Reproduce the listing in full. Omit the pictures.

§ **Provided data**:

Content starts

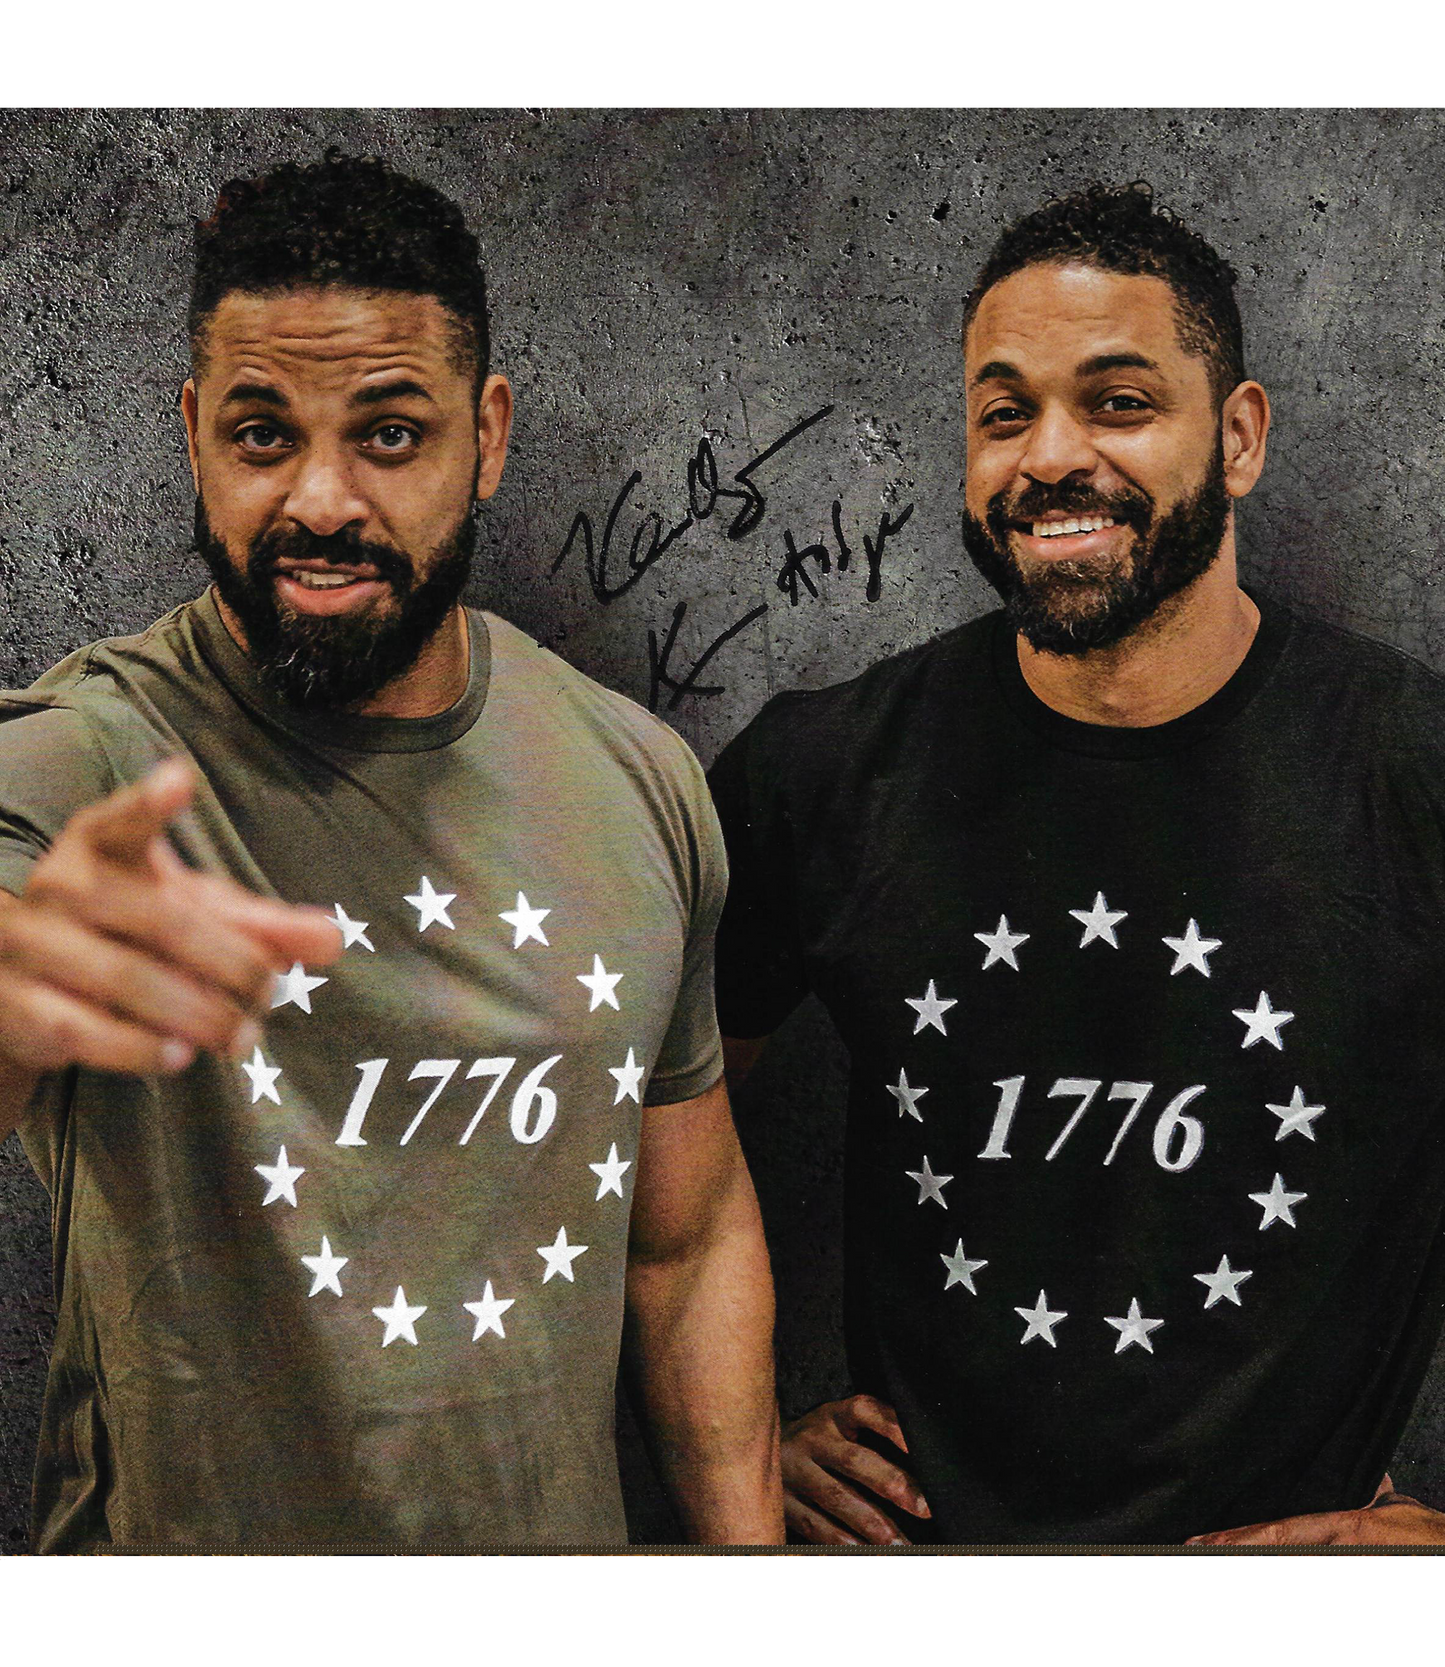 Limited Edition Signed Hodgetwins Photos
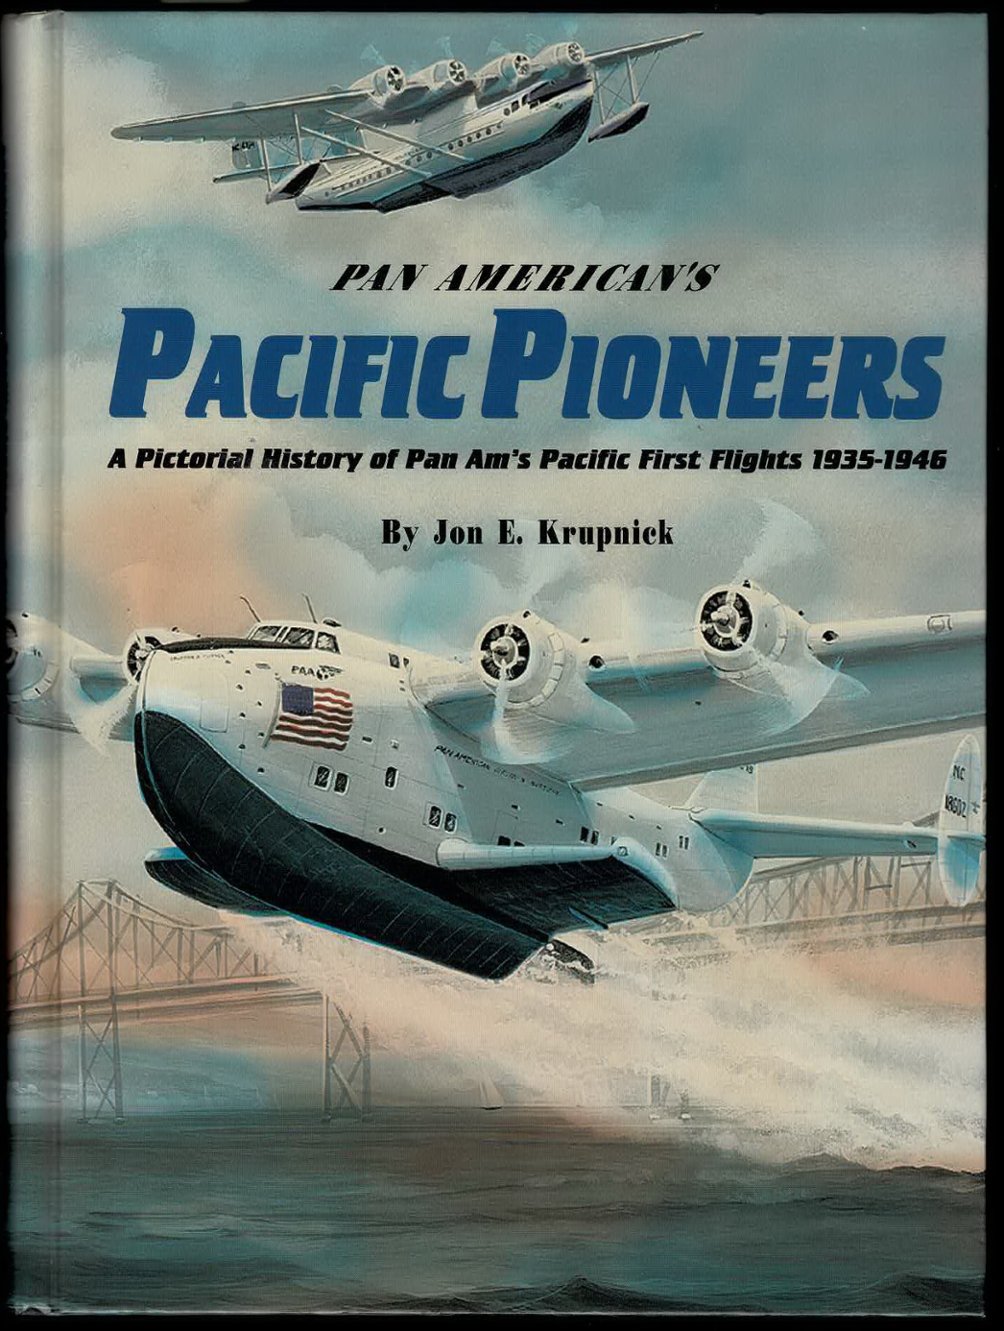 Pan American Pacific Pioneers, a Pictorial History of Pan Am's Pacific First Flights 1935-46, by Jon E. Prupnick, 1997, autographed by the author, hardbound, 314 pages, like new, color, an incredible source on the first flight covers and Pan Am's history (3 lb 10 oz)
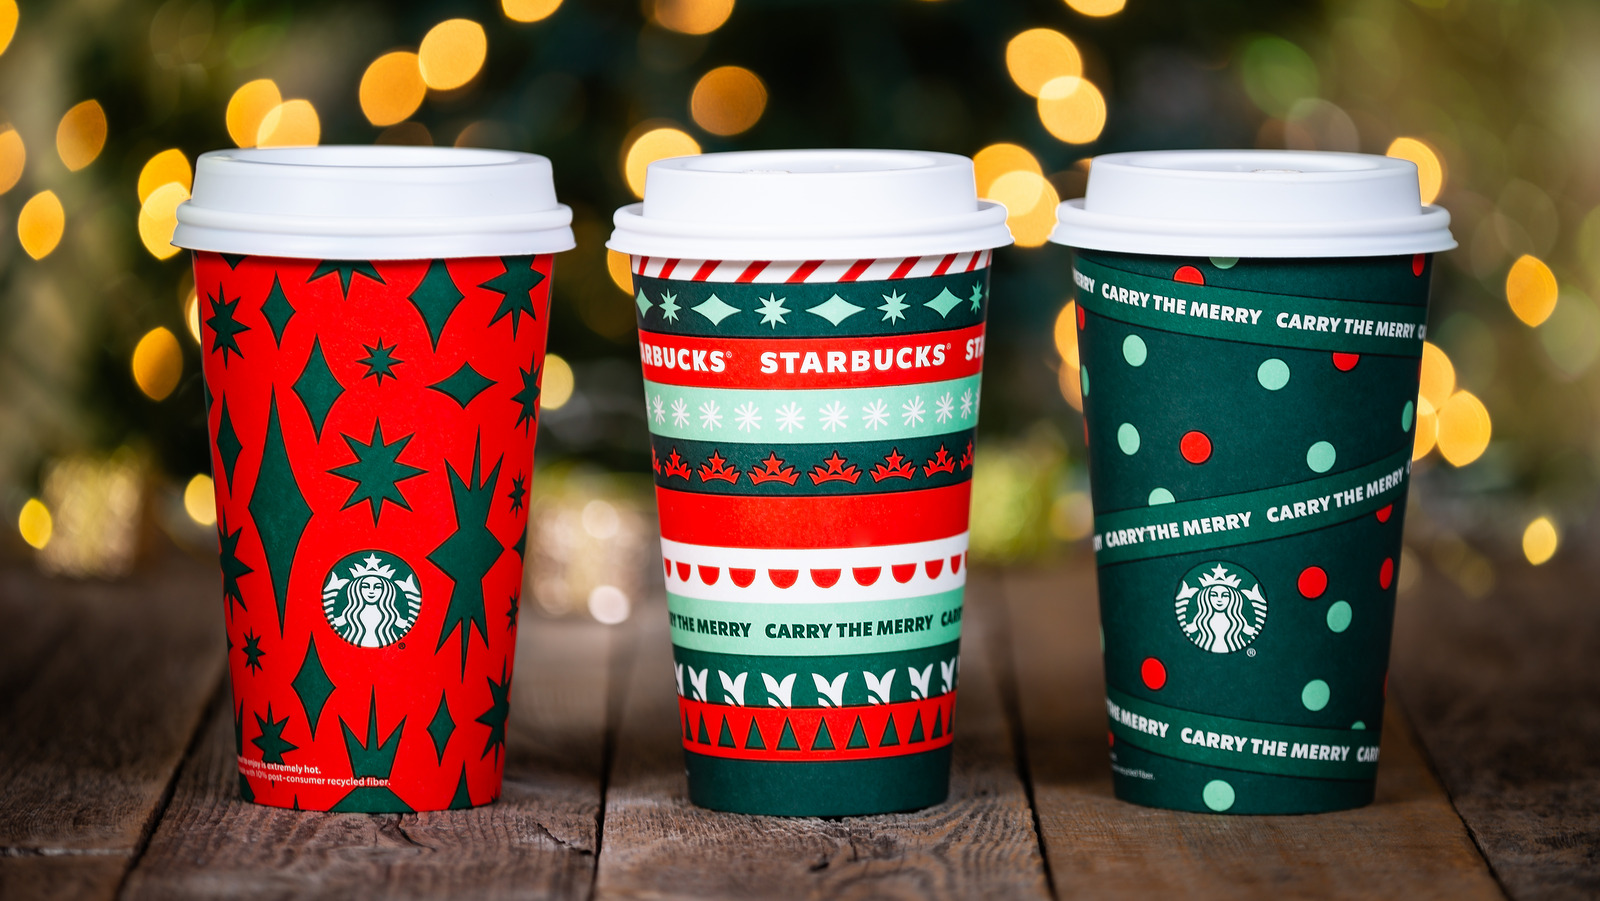 https://www.thedailymeal.com/img/gallery/starbucks-2024-winter-menu-has-allegedly-been-leaked/l-intro-1703866629.jpg

Content ends

§ **Exercise answer**:
 Limited Edition Signed Hodgetwins Photos
 Pan American Pacific Pioneers, a Pictorial History of Pan Am's Pacific First Flights 1935-46, by Jon E. Prupnick, 1997, autographed by the author, hardbound, 314 pages, like new, color, an incredible source on the first flight covers and Pan Am's history (3 lb 10 oz)
 https://www.thedailymeal.com/img/gallery/starbucks-2024-winter-menu-has-allegedly-been-leaked/l-intro-1703866629.jpg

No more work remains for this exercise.